Dataset section:
- - - - - - -
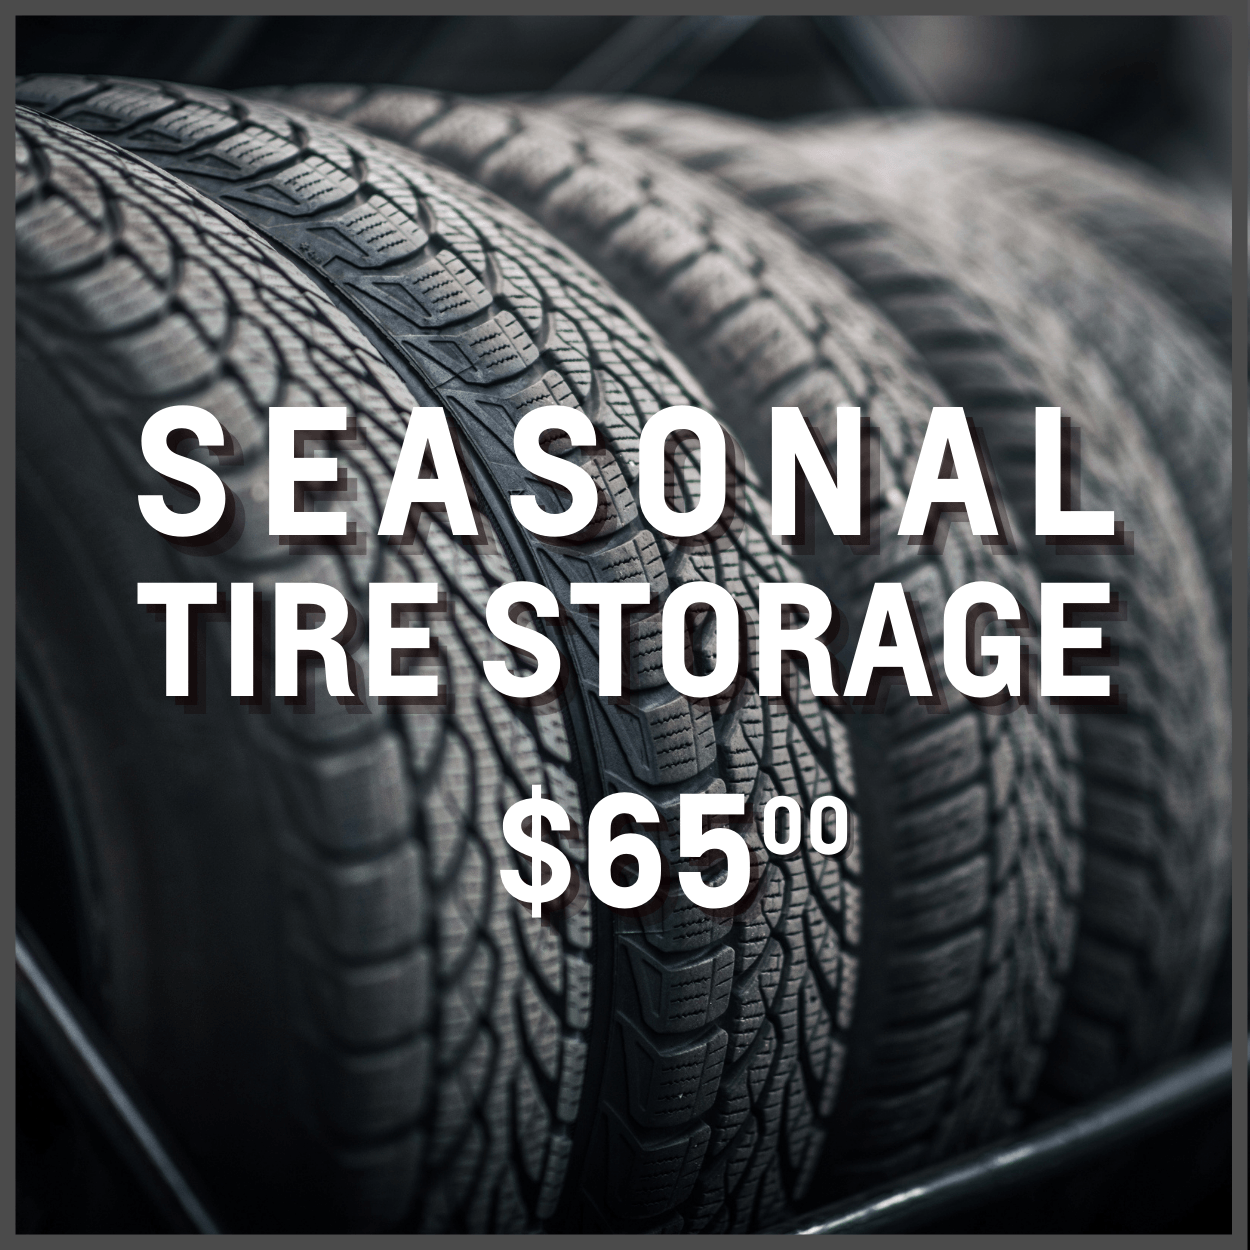 Tire storage in Oshawa
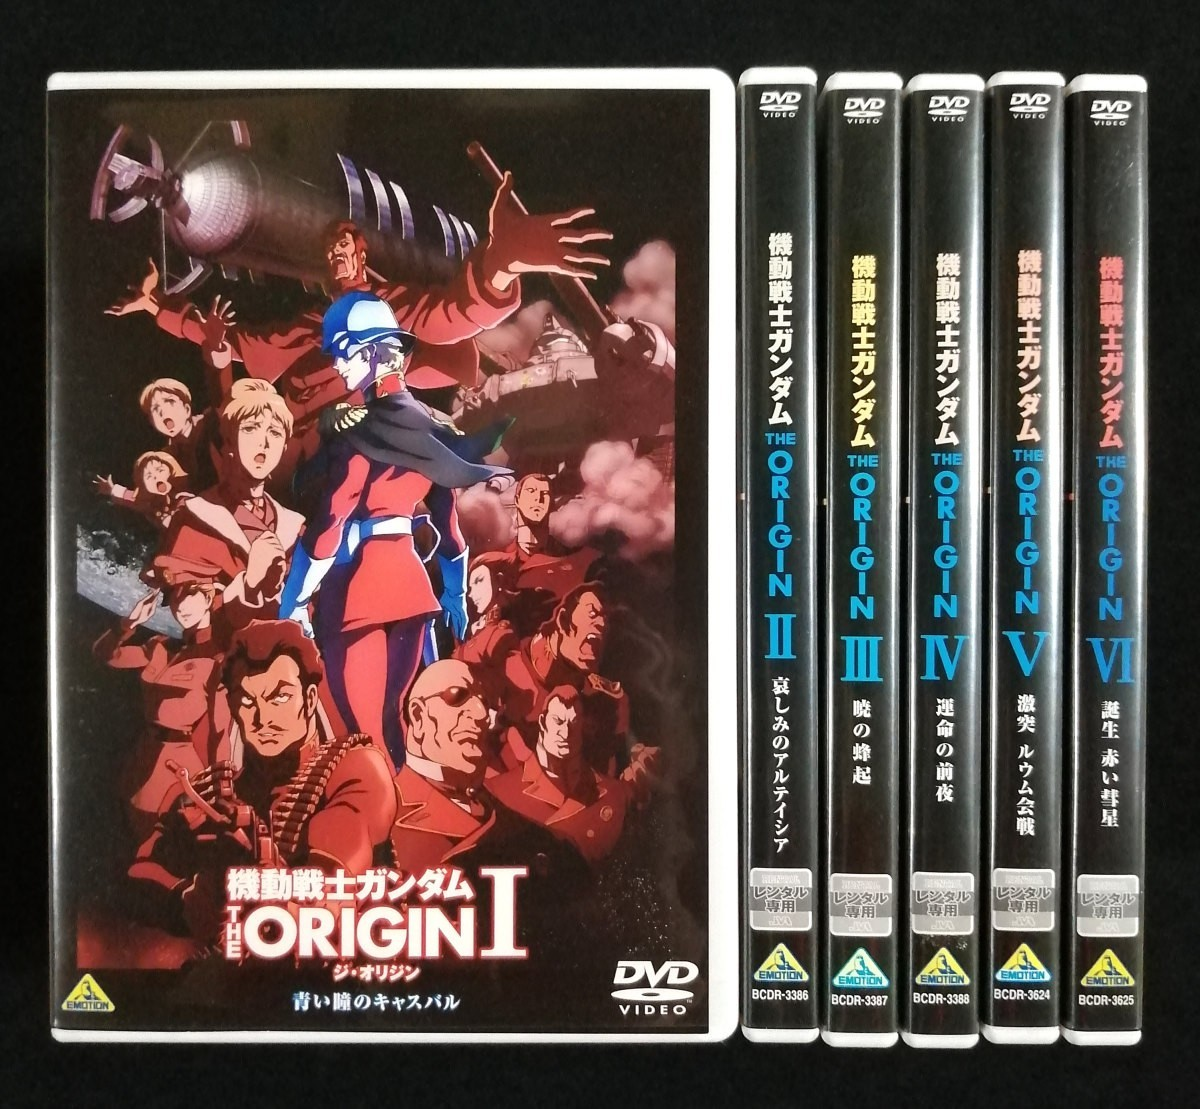 DVD 機動戦士ガンダム THE ORIGIN 全6巻セット レンタル版
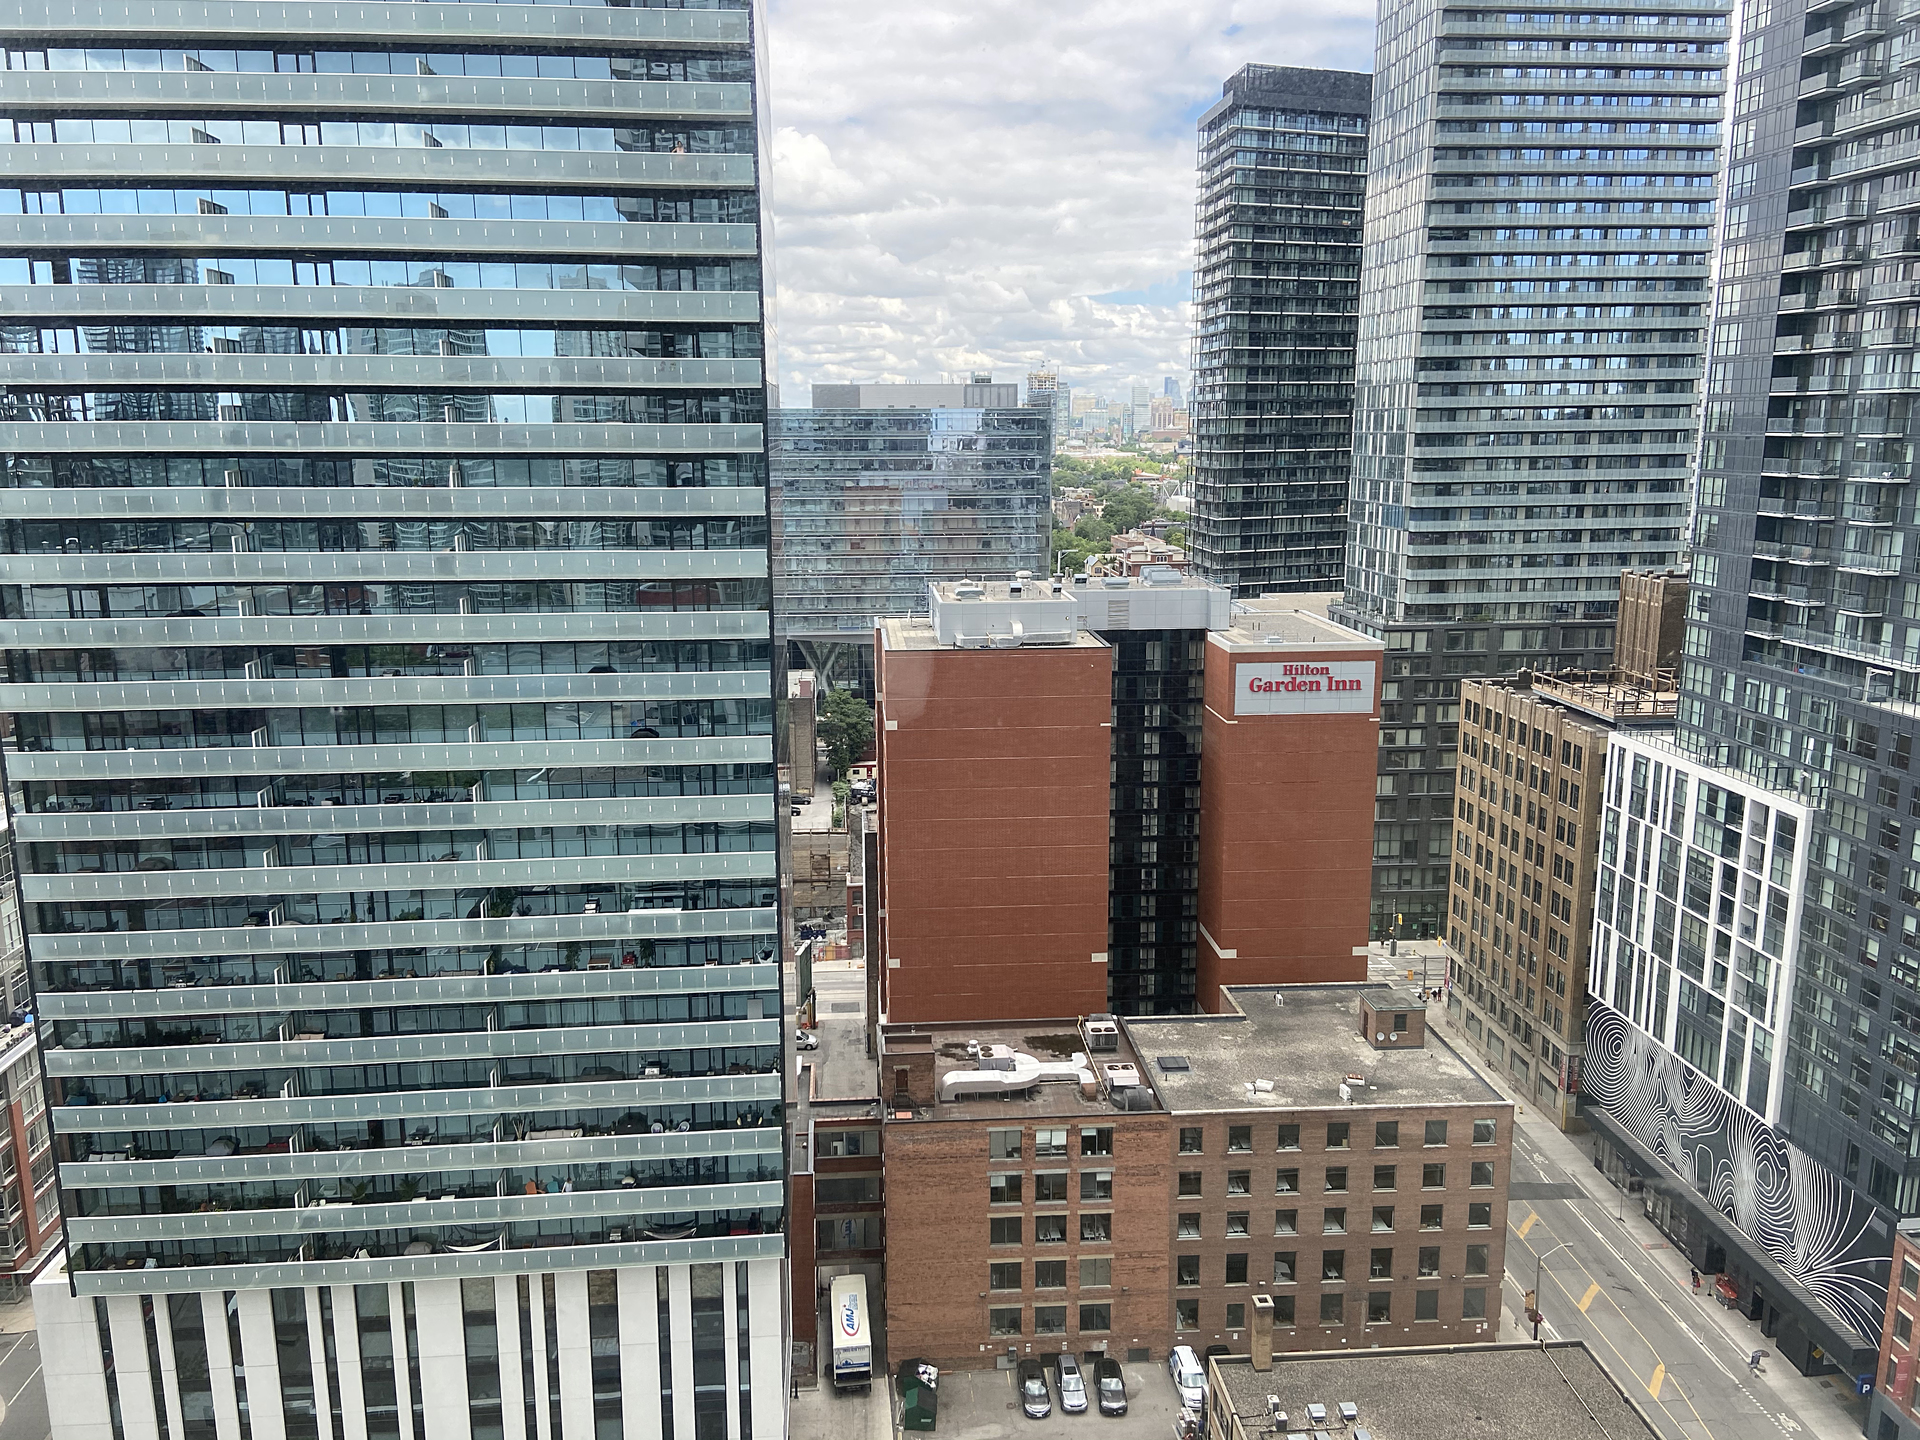 View at 2207 - 375 King Street W, Waterfront Communities C1, Toronto
- - - - - - -
Task directions: Each line above should be output exactly, apart from the pictures.

Answer space:
 Tire storage in Oshawa
 DVD 機動戦士ガンダム THE ORIGIN 全6巻セット レンタル版
 View at 2207 - 375 King Street W, Waterfront Communities C1, Toronto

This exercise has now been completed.